Directions for this task |
Give the data below again exactly, and drop each picture from it.

Given material |
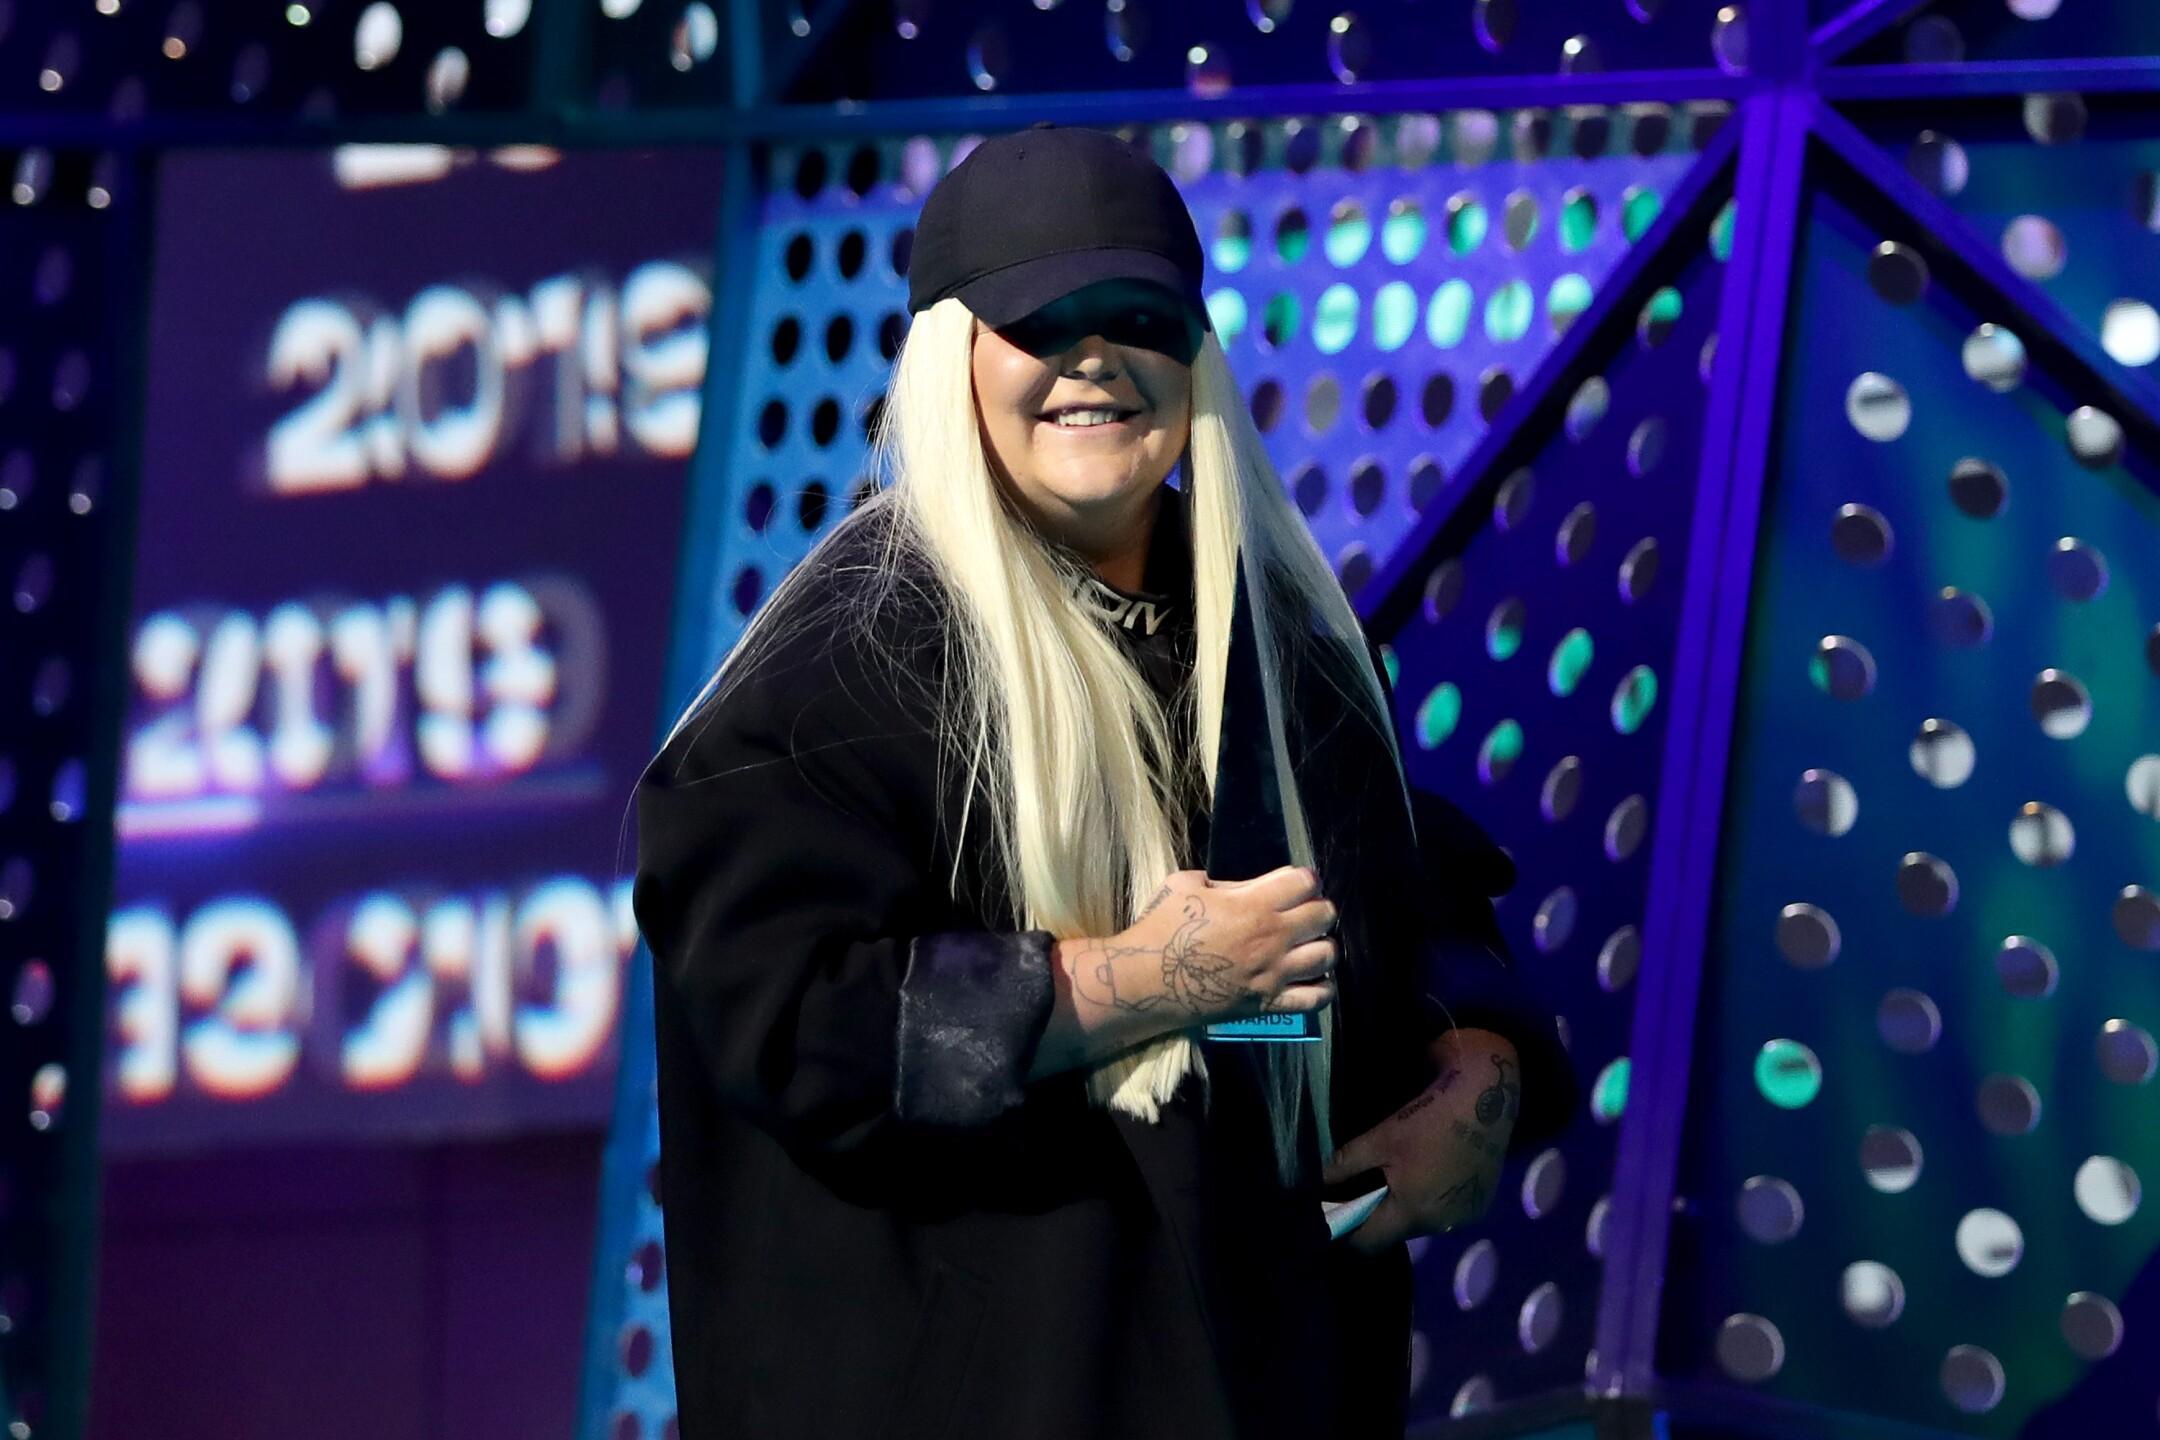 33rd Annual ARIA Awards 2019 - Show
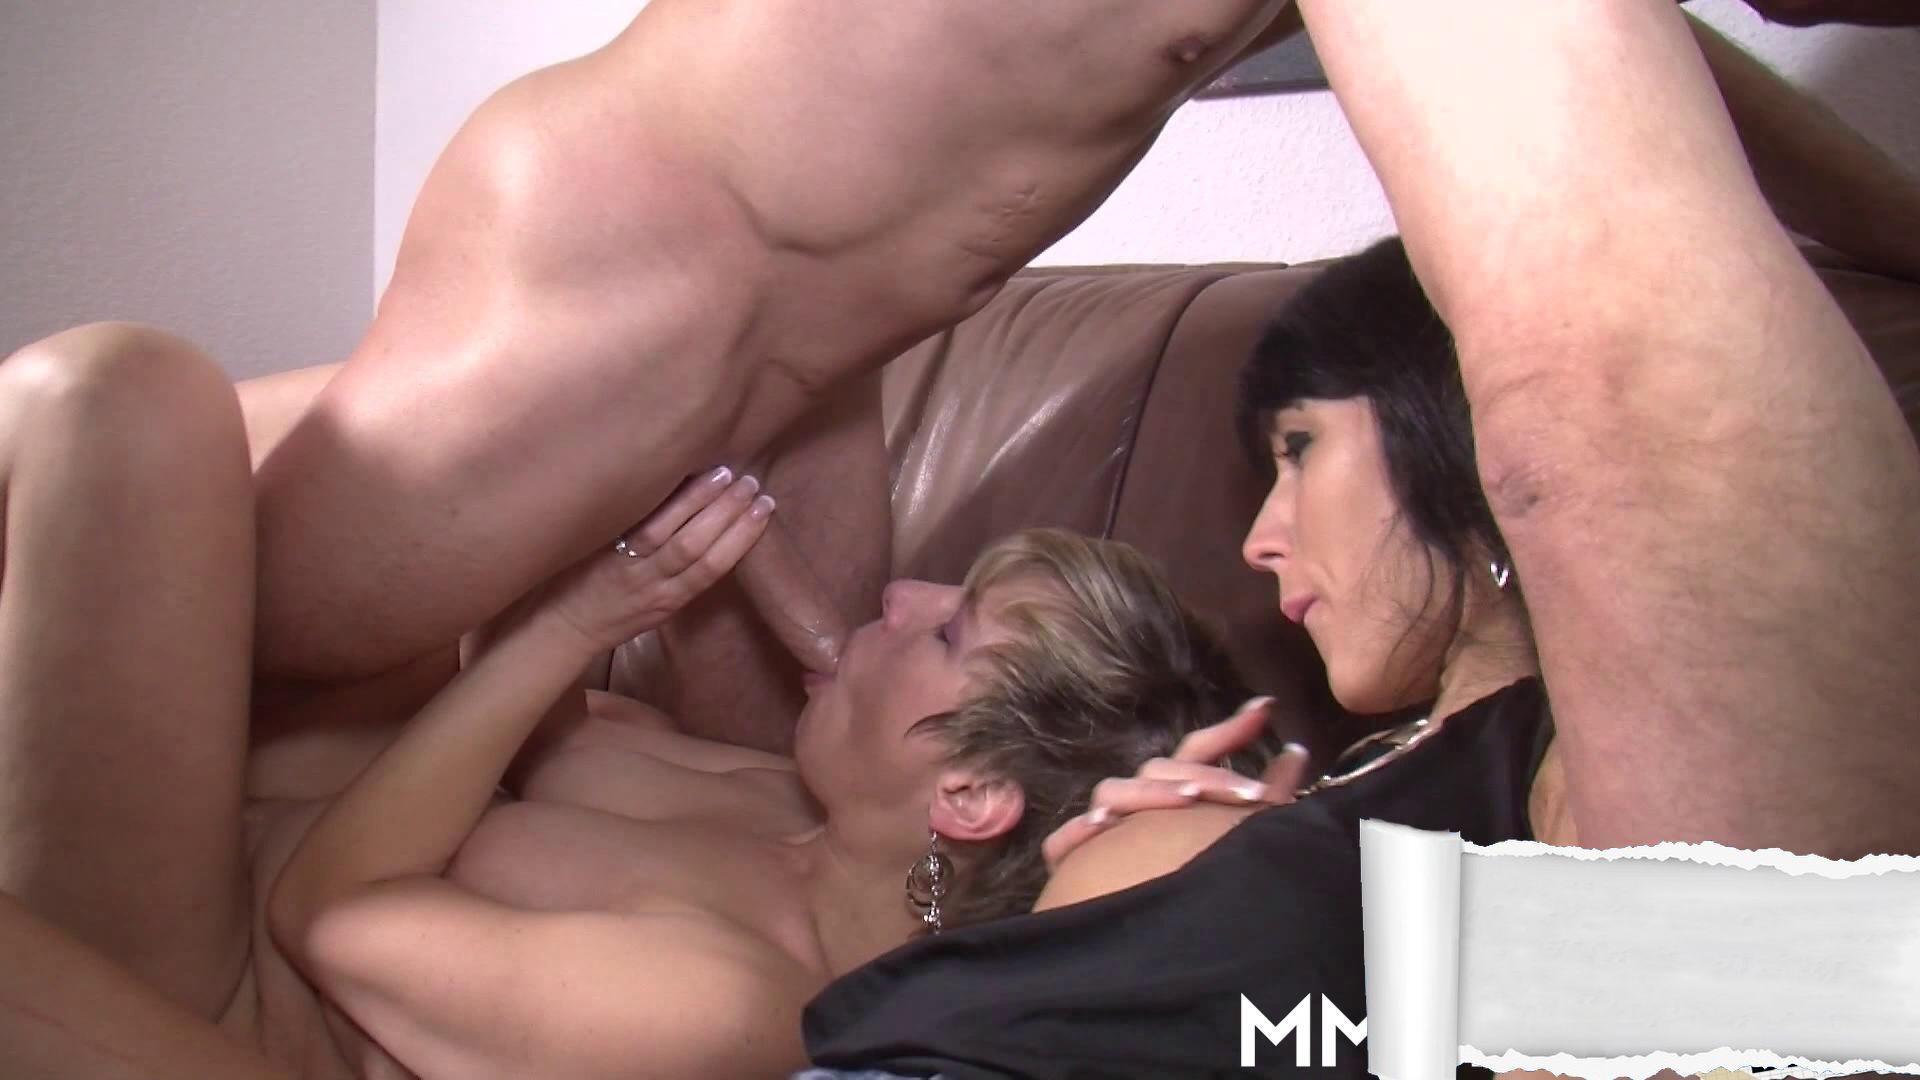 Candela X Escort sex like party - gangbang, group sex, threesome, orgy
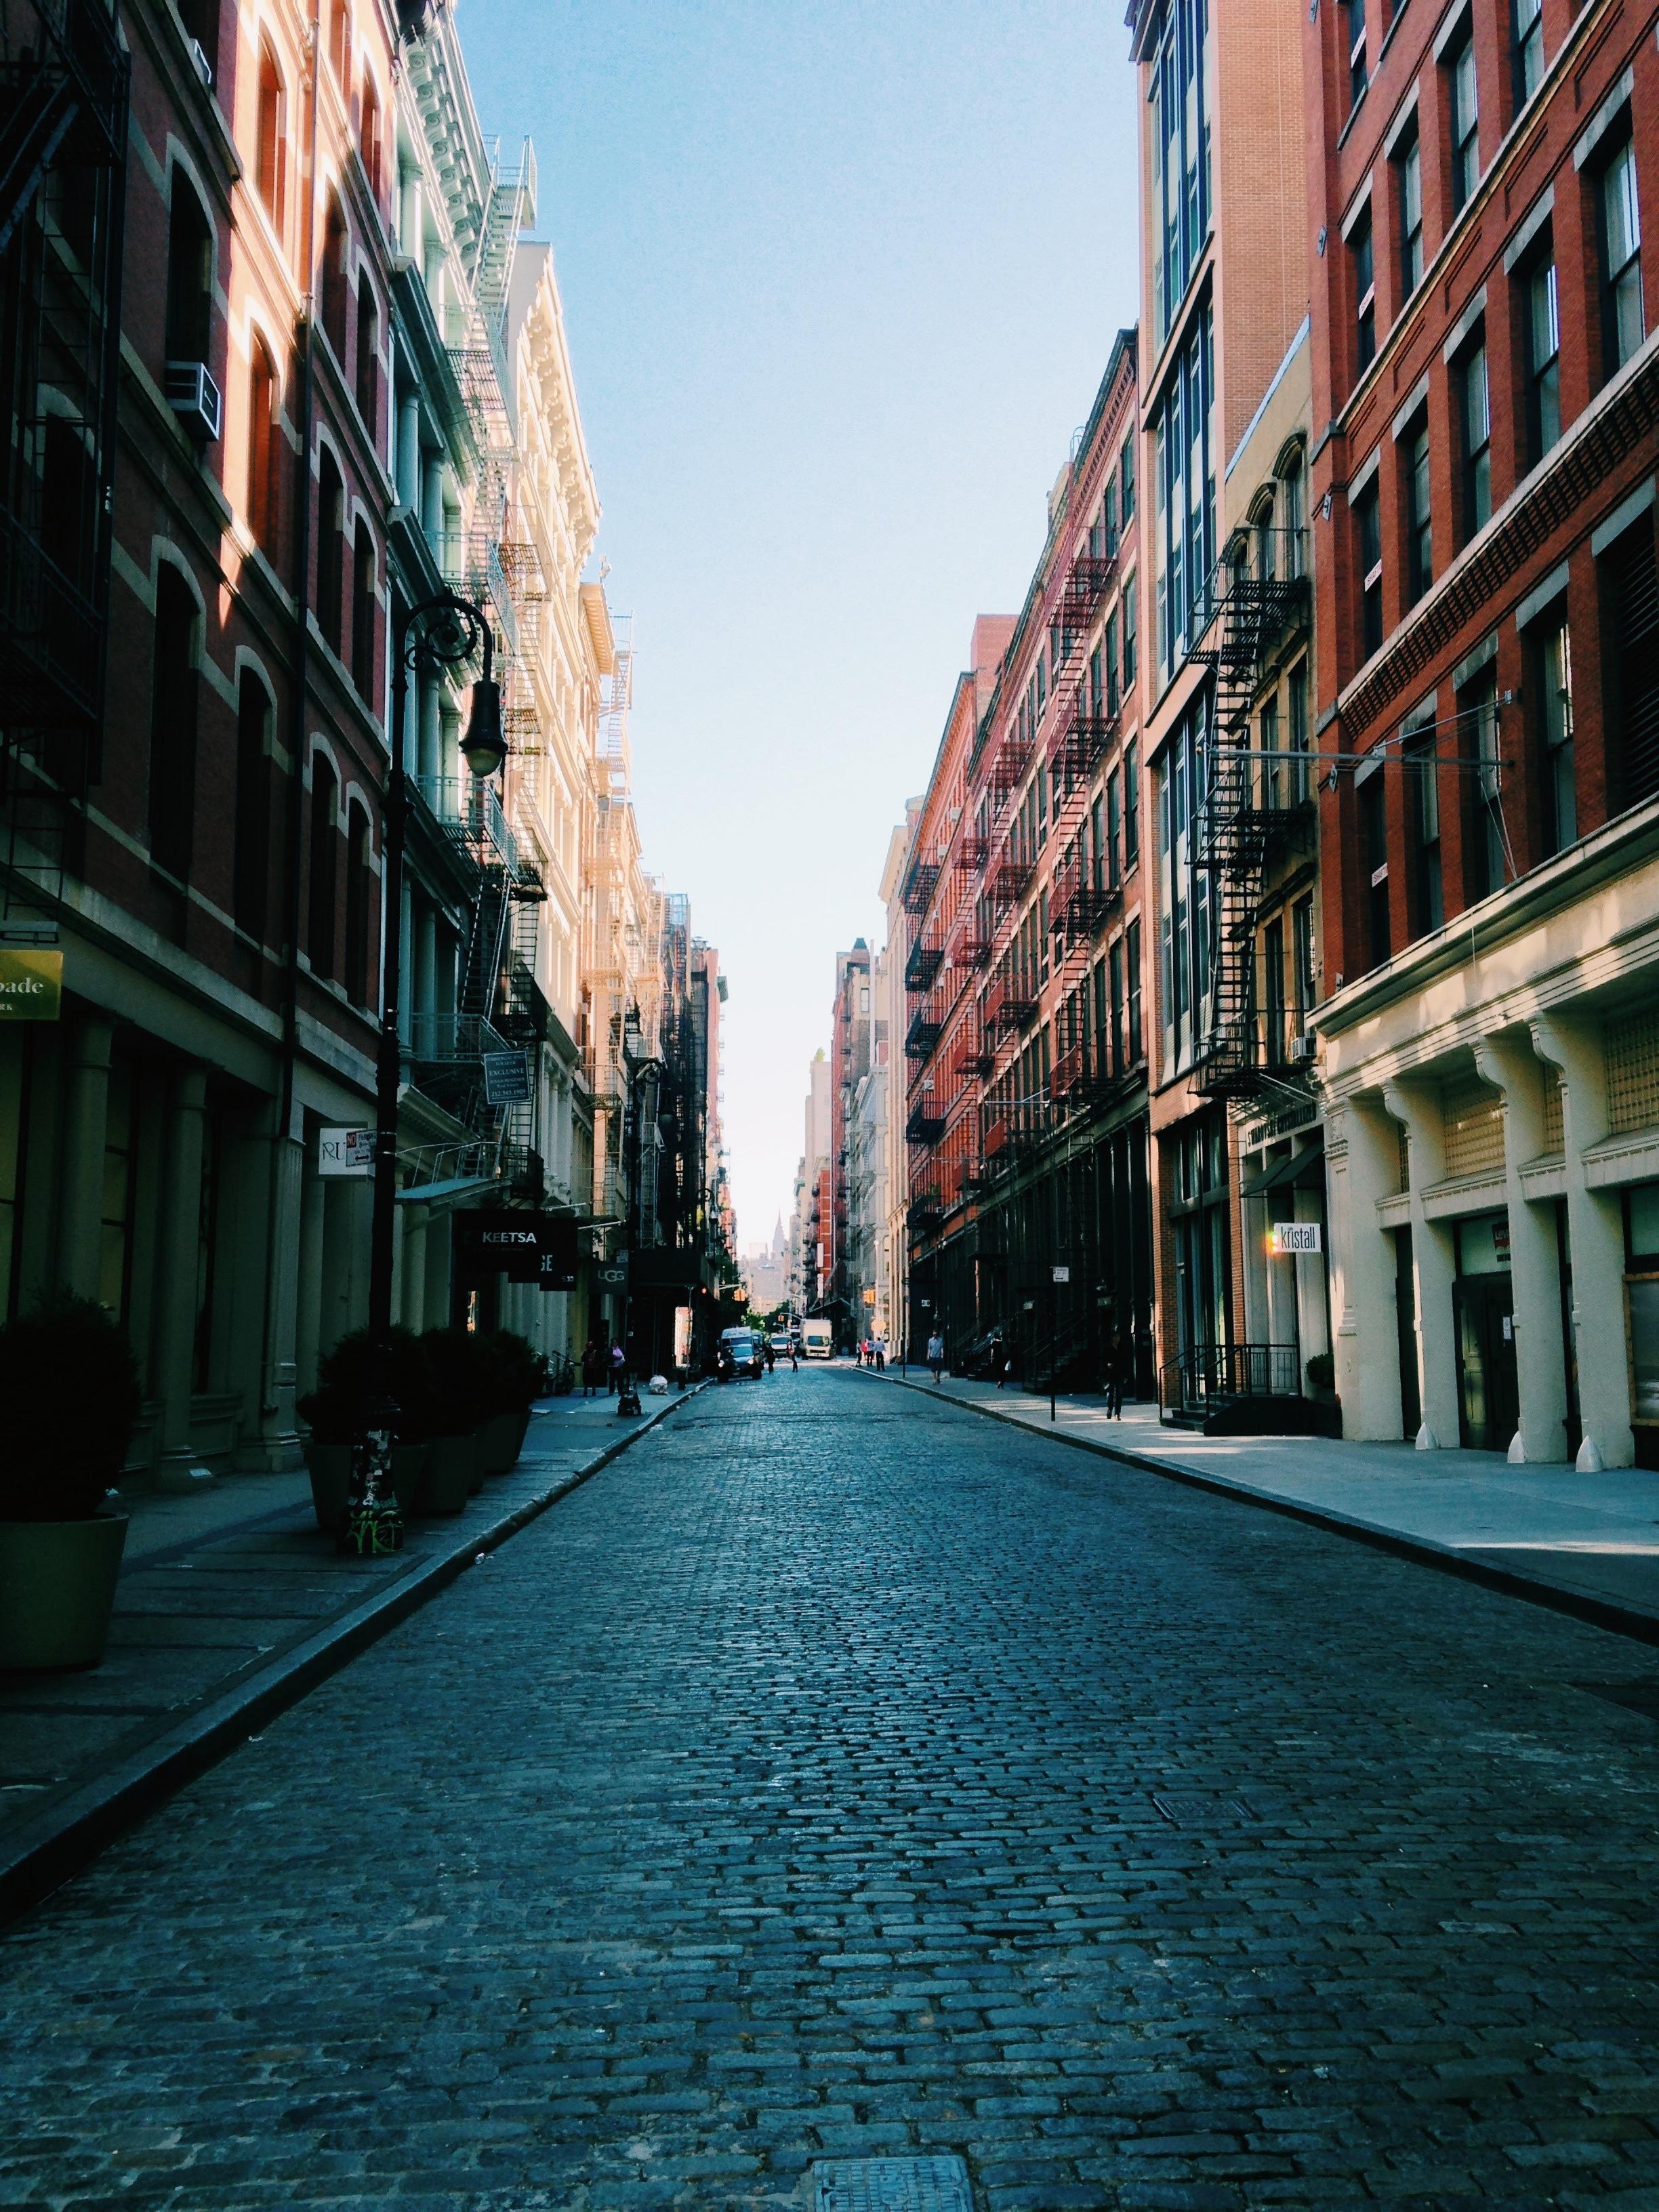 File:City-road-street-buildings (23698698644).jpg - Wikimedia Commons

Result for this exercise |
 33rd Annual ARIA Awards 2019 - Show
 Candela X Escort sex like party - gangbang, group sex, threesome, orgy
 File:City-road-street-buildings (23698698644).jpg - Wikimedia Commons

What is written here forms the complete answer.